[WHAT THE TASK ASKS] Span requested from the data below: the line with "Premium Footmuff /" through the line with "Four-step buttonholes |", both included. Give only these lines again, exactly, and leave every picture out.

[RECORDS SUPPLIED]
■ ■ ■ ■ ■ ■ ■

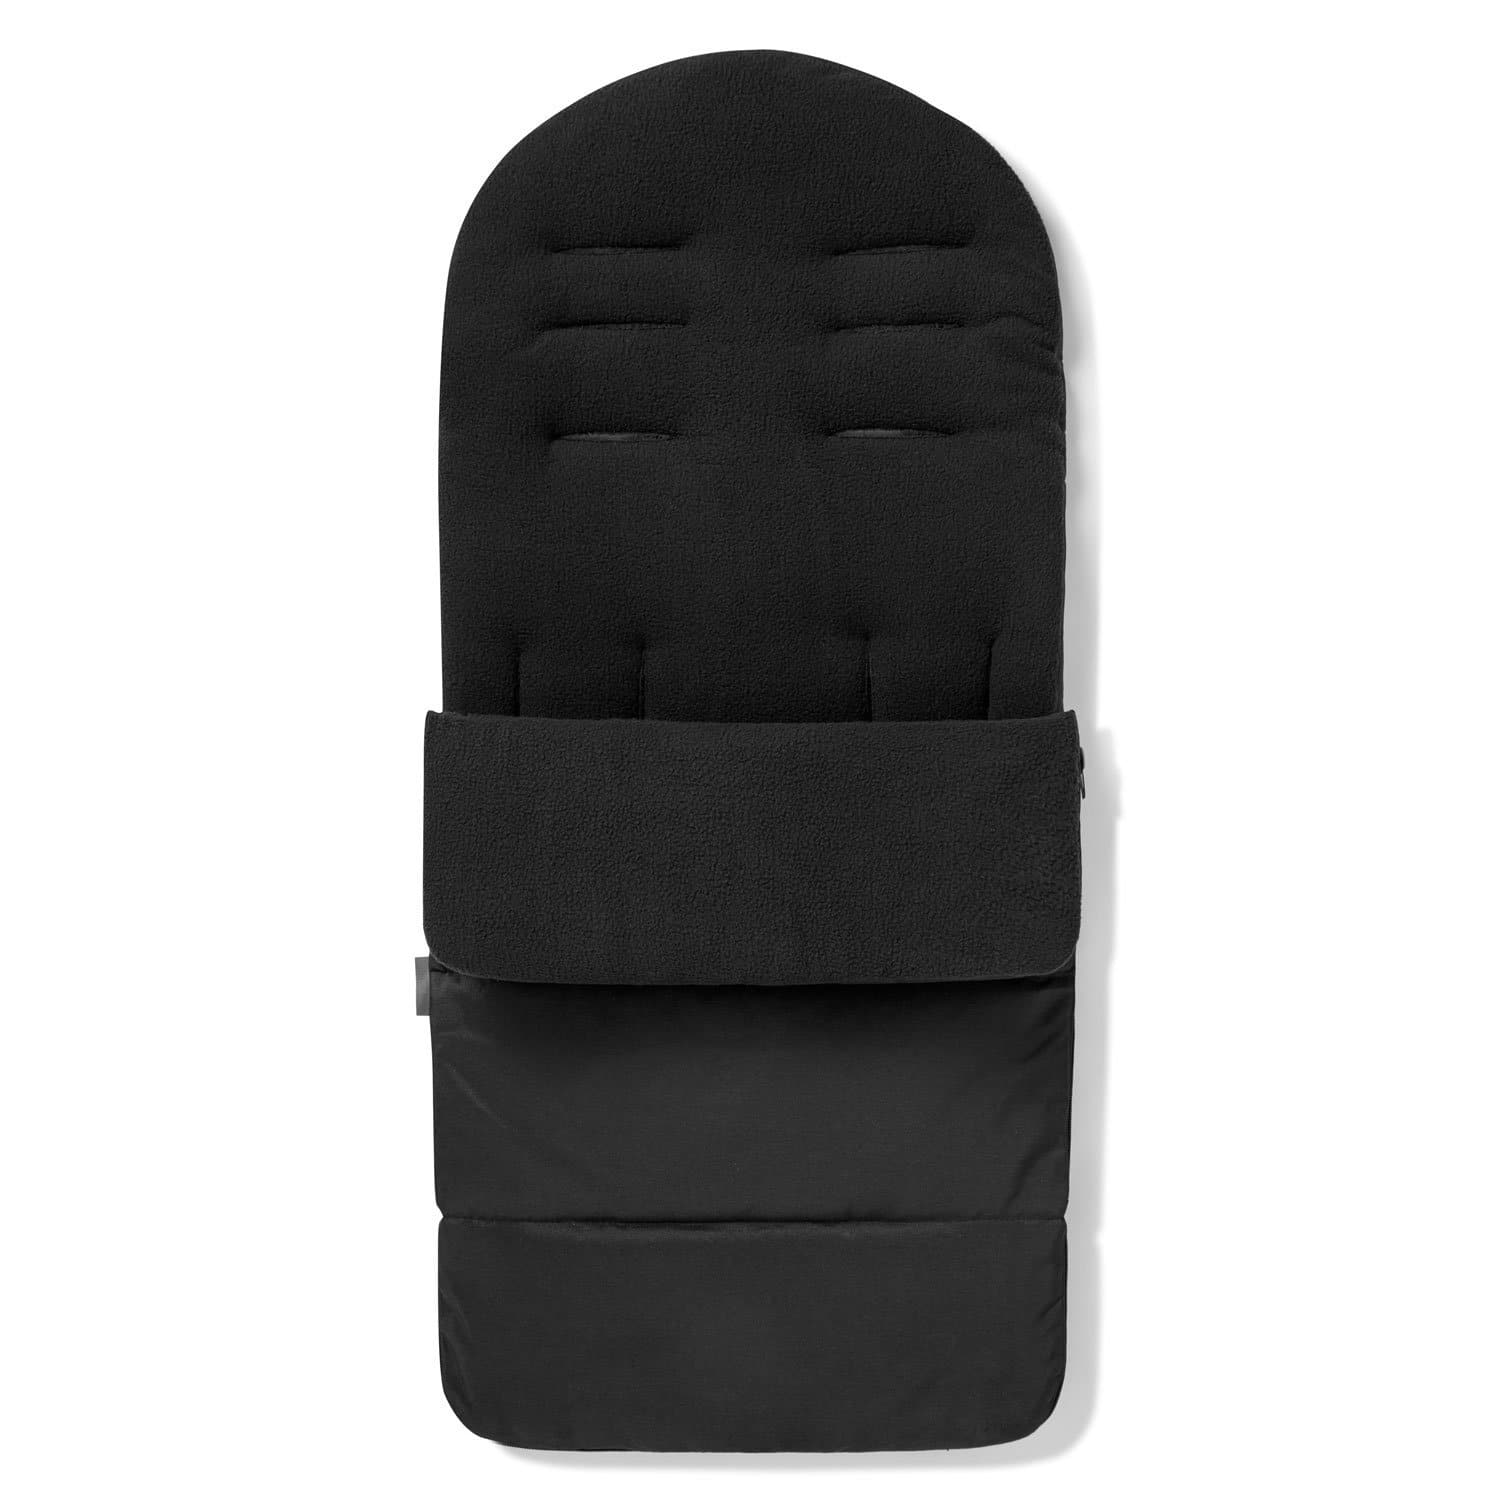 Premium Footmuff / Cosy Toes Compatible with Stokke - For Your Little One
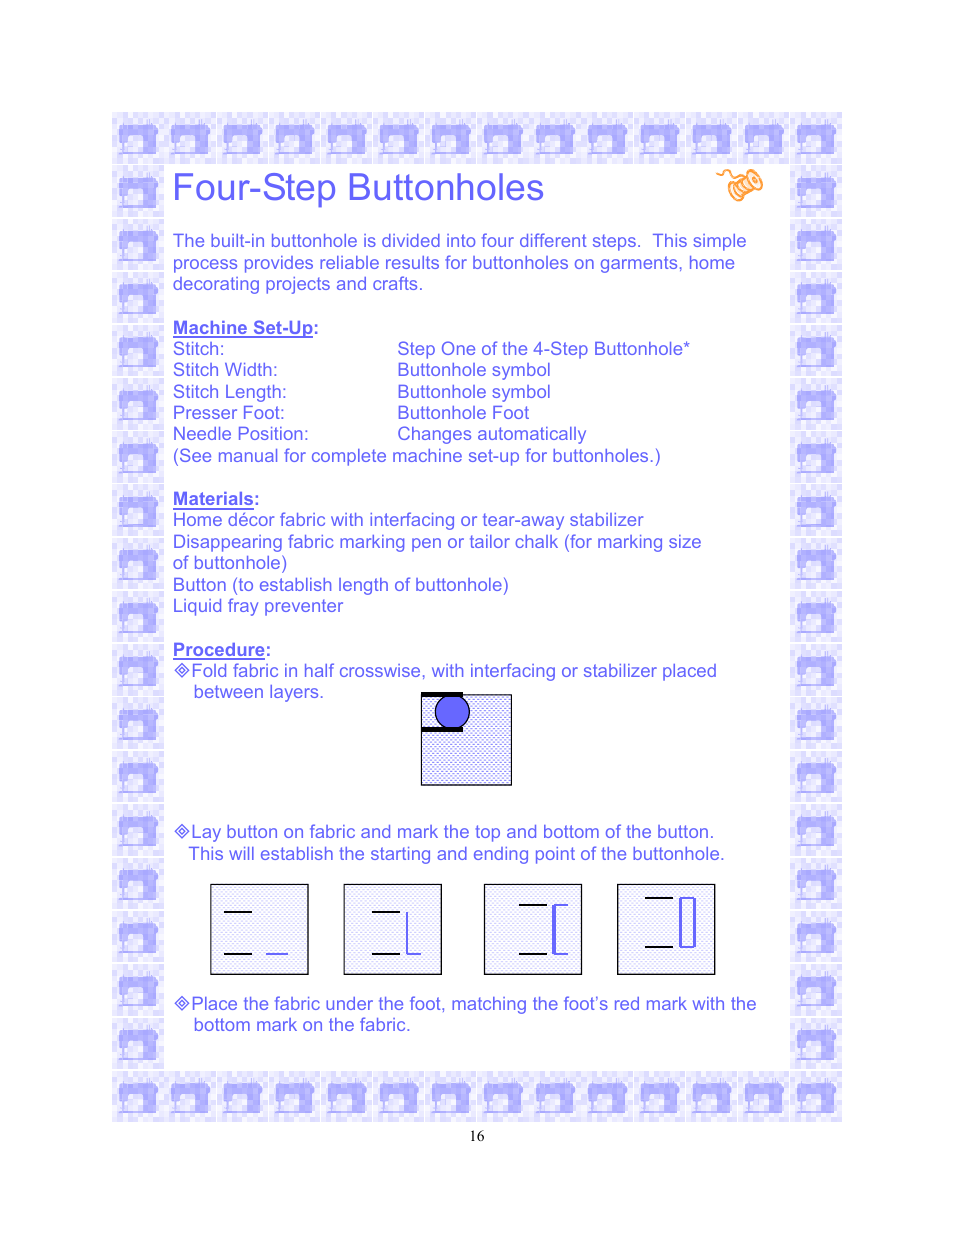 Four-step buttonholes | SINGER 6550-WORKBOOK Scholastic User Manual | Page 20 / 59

■ ■ ■ ■ ■ ■ ■

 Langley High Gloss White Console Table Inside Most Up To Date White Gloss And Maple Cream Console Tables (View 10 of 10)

■ ■ ■ ■ ■ ■ ■

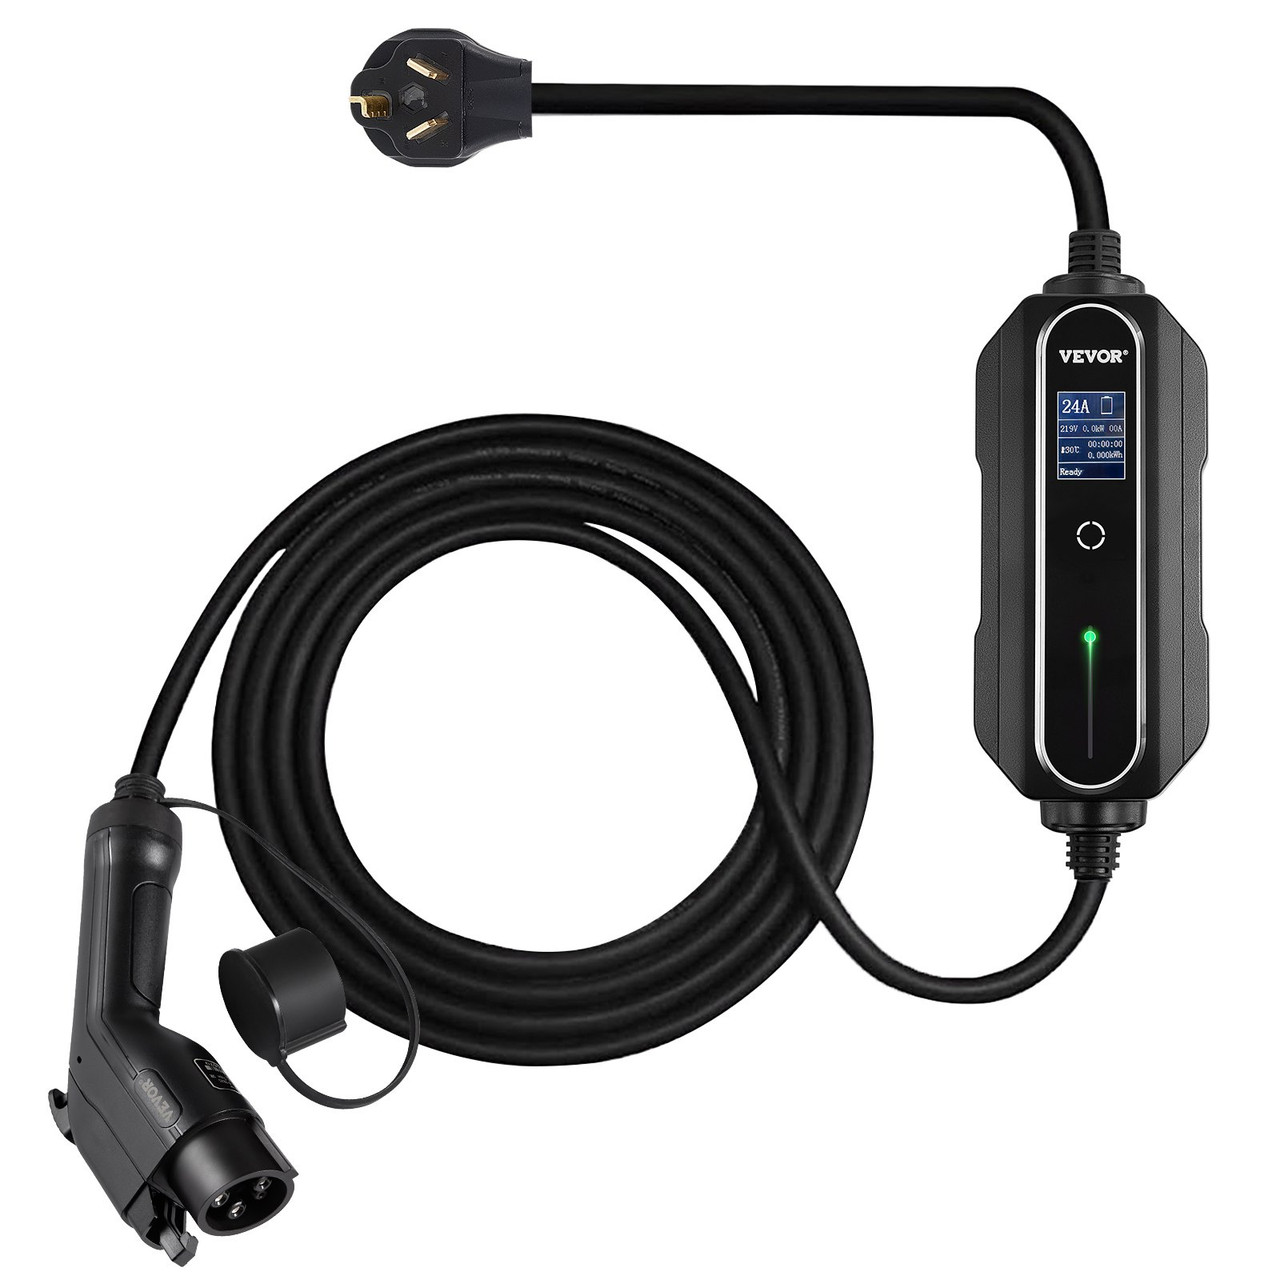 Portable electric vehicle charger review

■ ■ ■ ■ ■ ■ ■

[RESPONSE AREA]
 Premium Footmuff / Cosy Toes Compatible with Stokke - For Your Little One
 Four-step buttonholes | SINGER 6550-WORKBOOK Scholastic User Manual | Page 20 / 59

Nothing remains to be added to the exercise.